Thinking back on it now, I see how different it is from how we are told to run for political office. Rather than opening ourselves up to as many people possible, we choose to connect with a select few who regularly vote. Rather than being open to myriad ideas and solutions, we read from poll-tested position papers. Rather than seeing diversity and inclusion as a critical value, it’s viewed as a nice thing.

For our campaign, our approach is to start with the voter and work backwards. We’ve built a campaign fellows program powered by more than 60 people who, along with me, are visiting voters in all 245 precincts across Florida’s District 27. Currently, we have hit 220. We’ve hosted meetups and coffees open to all. We also have tried an online site called UpVote where we ask people to identify what solutions they prefer. This is only a start.

I know that listening, or even changing one’s mind after hearing a better idea, rather than presenting one’s self as having bold ideas and clear convictions isn’t typically rewarded in today’s politics. But we should start to try. Change occurs from the bottom up. Washington has not been able to find the solutions to our most pressing problems, listening more closely and more widely across our neighborhoods may prove better.

Investing in people and thinking different

My approach at Knight in supporting entrepreneurs wasn’t to make direct investment in businesses. Instead, it was to create an ecosystem of resources across the community that people could choose from to better build the ideas and solve the problem most important to them.
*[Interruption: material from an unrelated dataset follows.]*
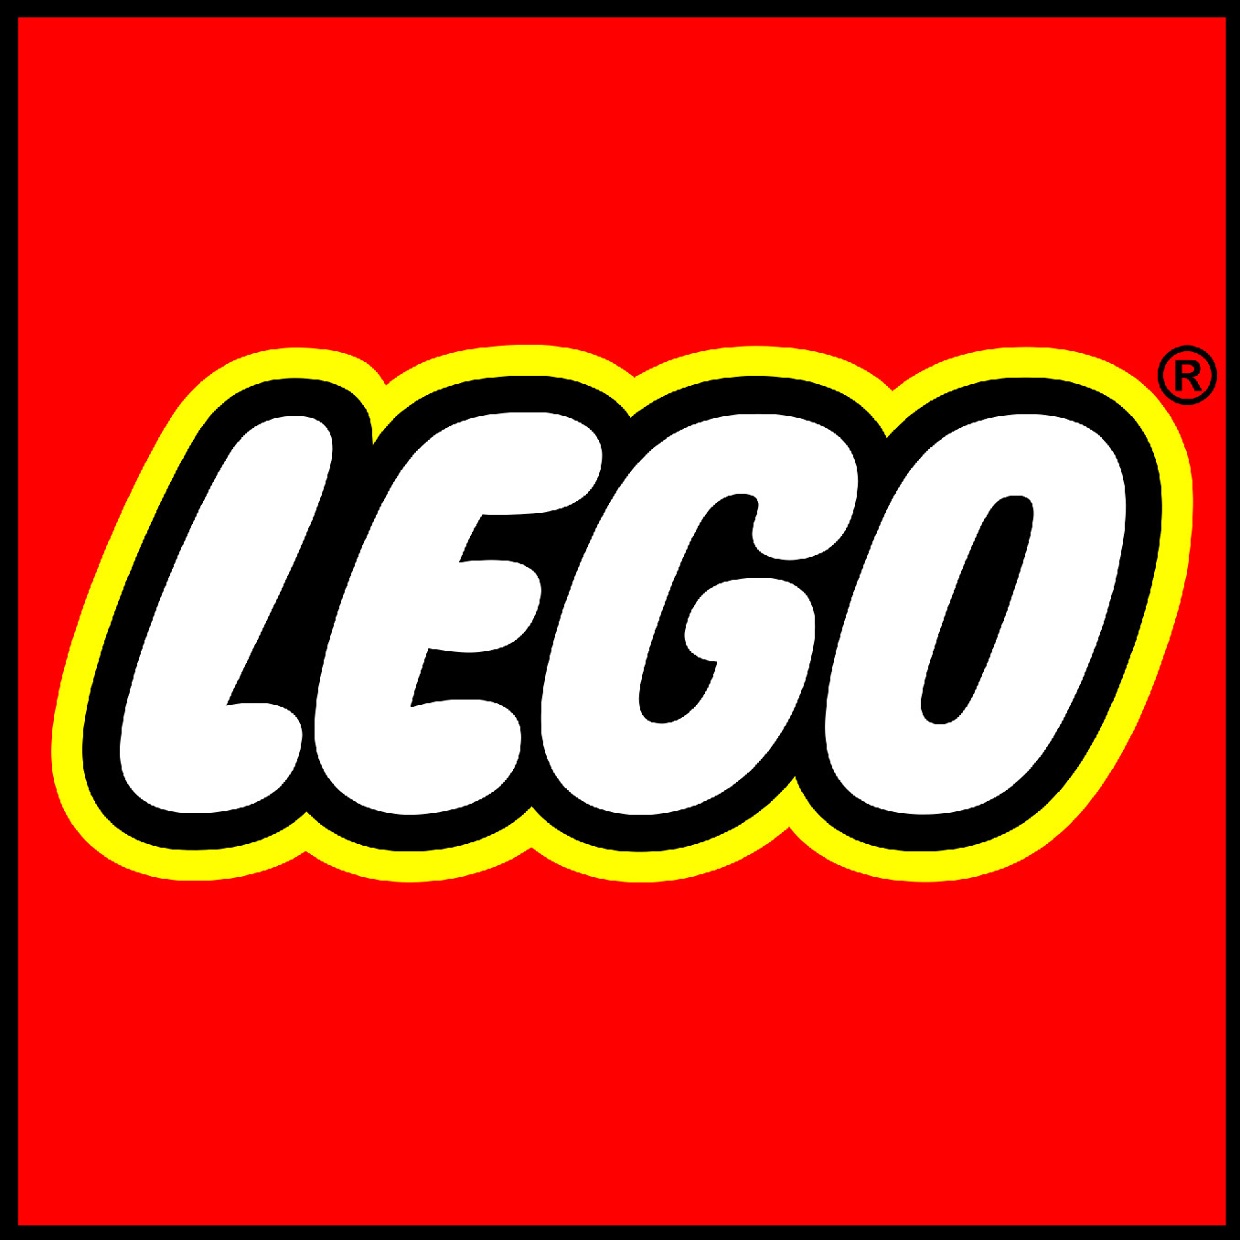 Lego Logo Blank Meme Template
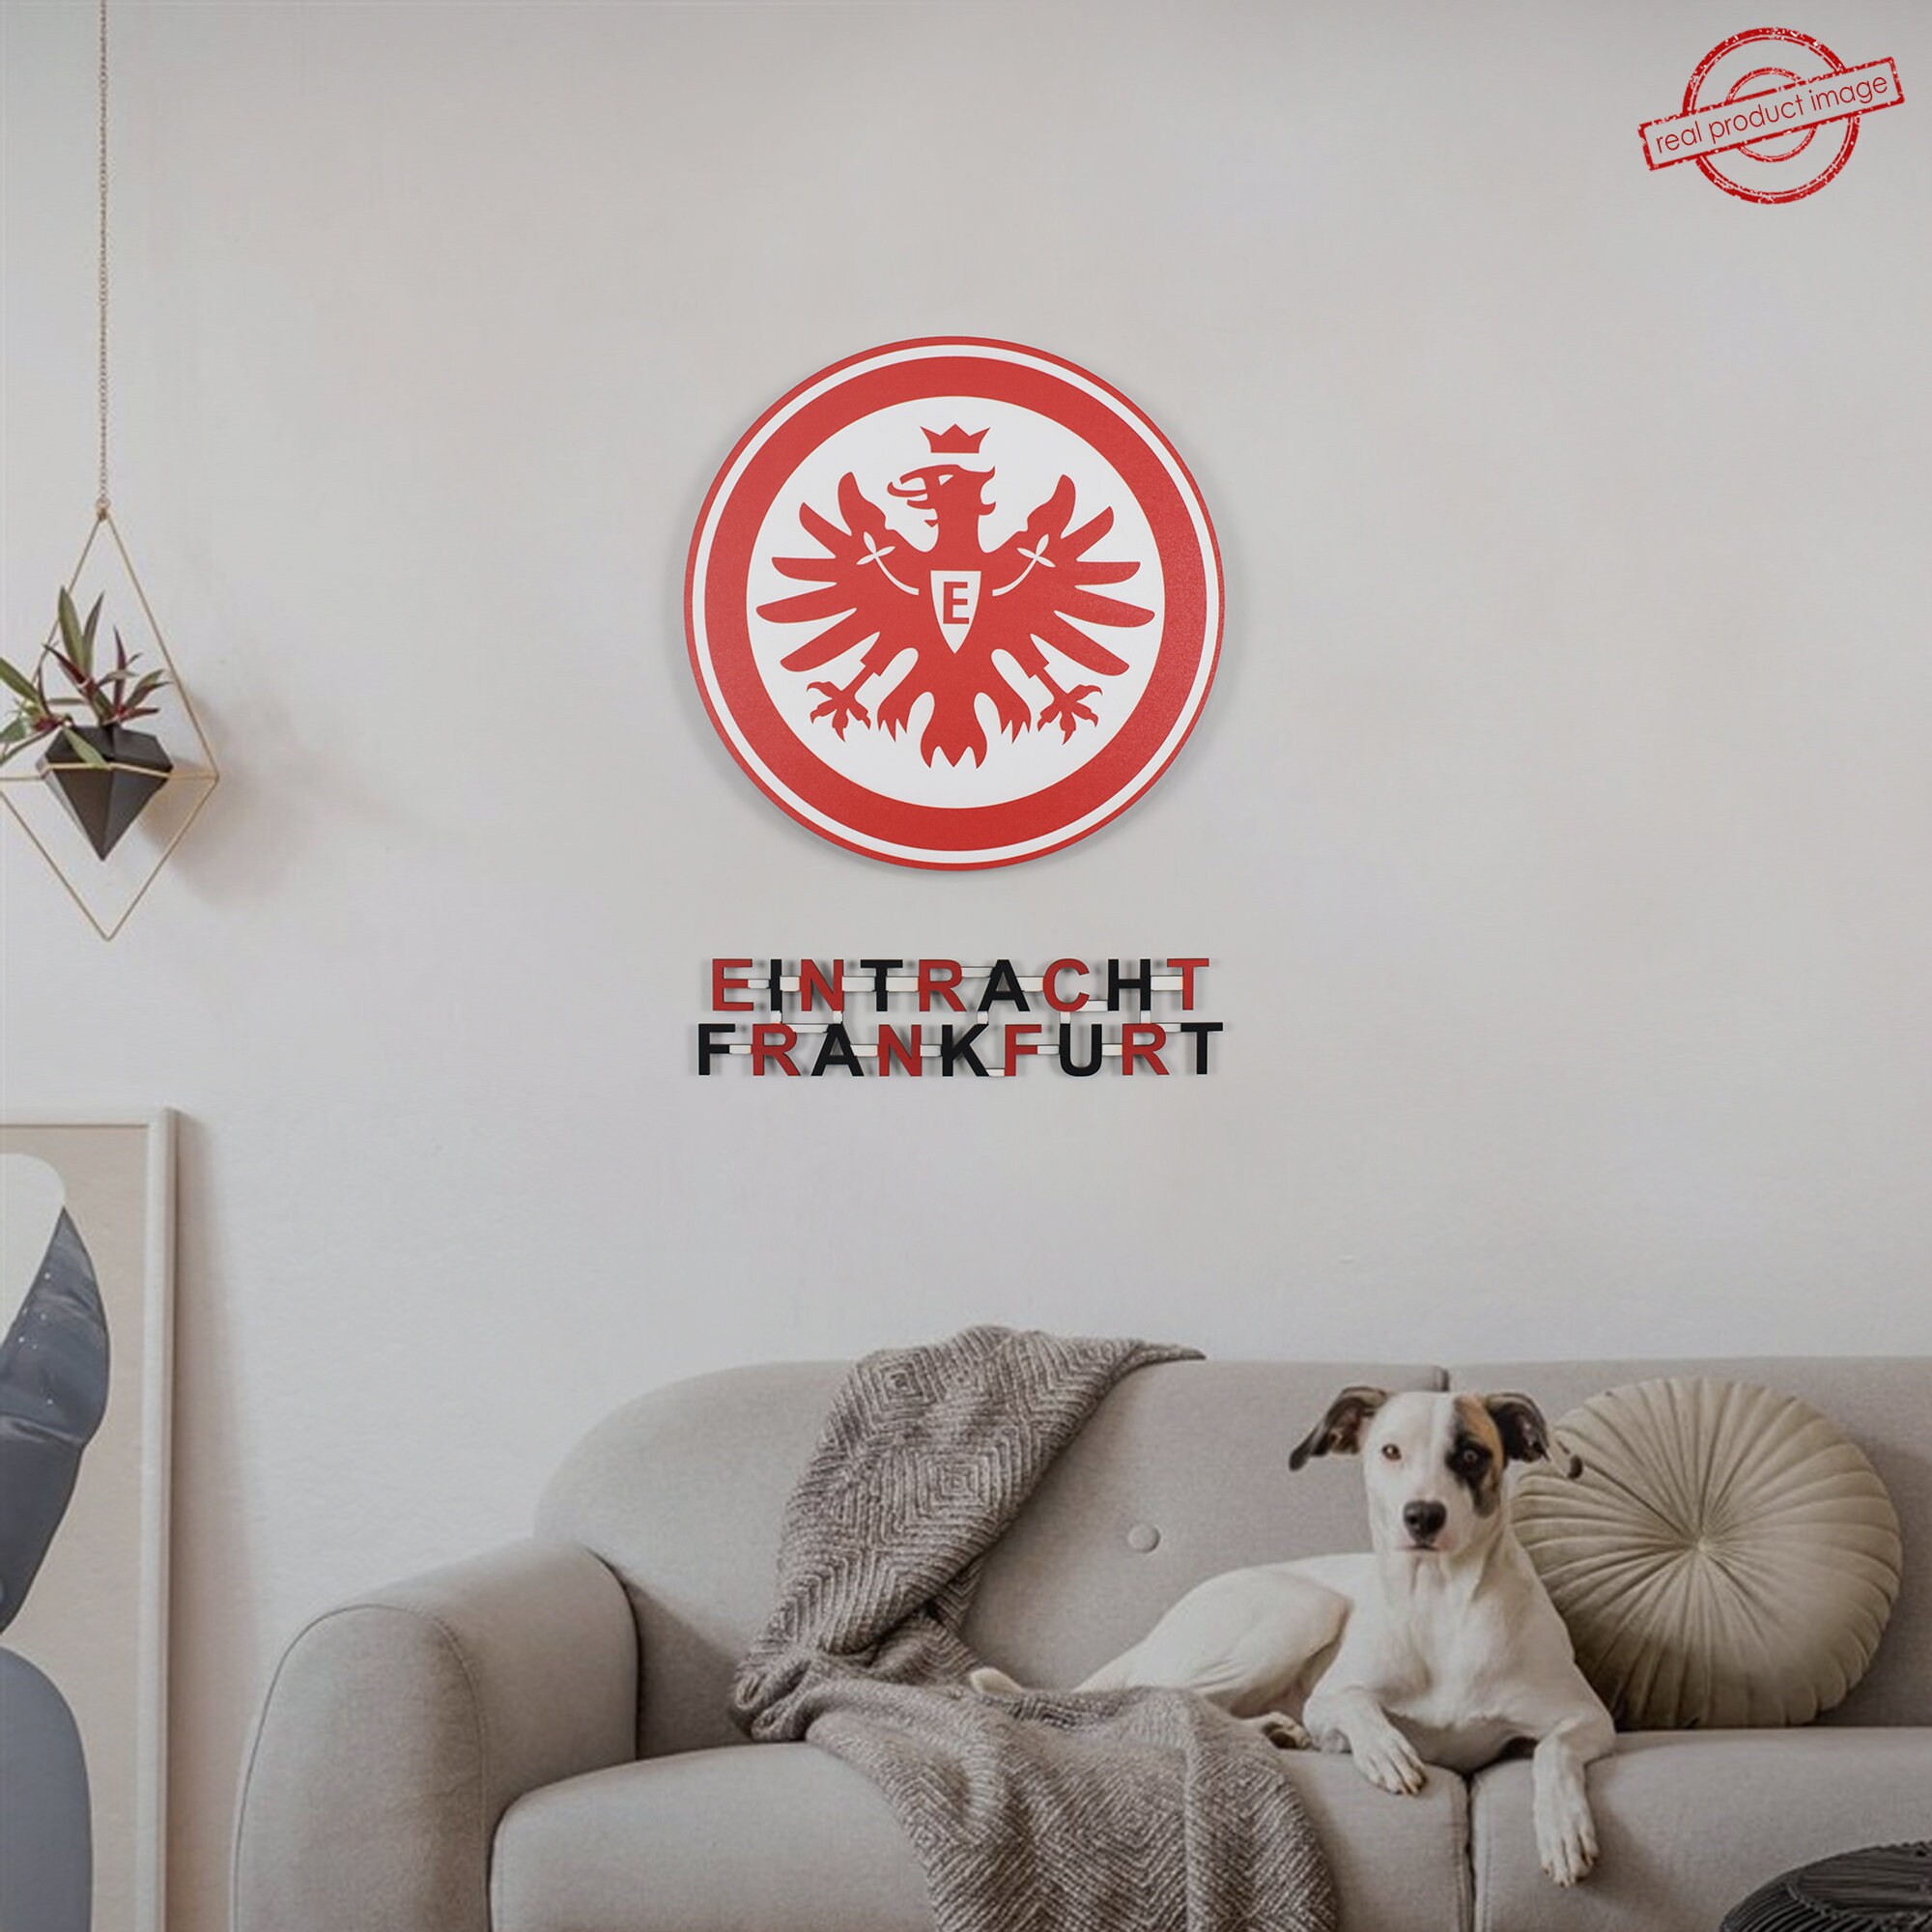 Eintracht Frankfurt Team Logo. Wall Art Eintracht Frankfurt. for Wall  Frankfurt. Eintracht Frankfurt Decor.wooden Frankfurt Logo Sticker. - Etsy  Hong Kong

This included programs that provided mentorship, connection, learning, access to funding, and fostered a greater sense of community.

Examples include Endeavor, a non-profit which provides mentorship and support to help entrepreneurs scale ventures. eMerge Americas, an annual conference in Miami uniting entrepreneurs across the Americas. LaunchCode and Girls Who Code, each making learning to code more accessible and, in the case of Girls Who Code, taking aim at the yawning gender gap in technology. Social Entrepreneurship Bootcamp and programs, which I mentioned earlier, like The Idea Center at Miami Dade College, Black Tech Week, Women Innovating Now LAB, with a particular focus on black, Hispanic and women entrepreneurs.

Our mantra was that talent is everywhere, but opportunity is not-- and that must be changed. Creating a network of resources that invest in people across the community from the bottom up was our way to try.

It’s time our politics took the same approach. And, while at it, it’s time to start matching the scale of the challenges we face with the size of the solutions. For too long, we’ve operated under the assumption there are things we cannot do. That needs to end.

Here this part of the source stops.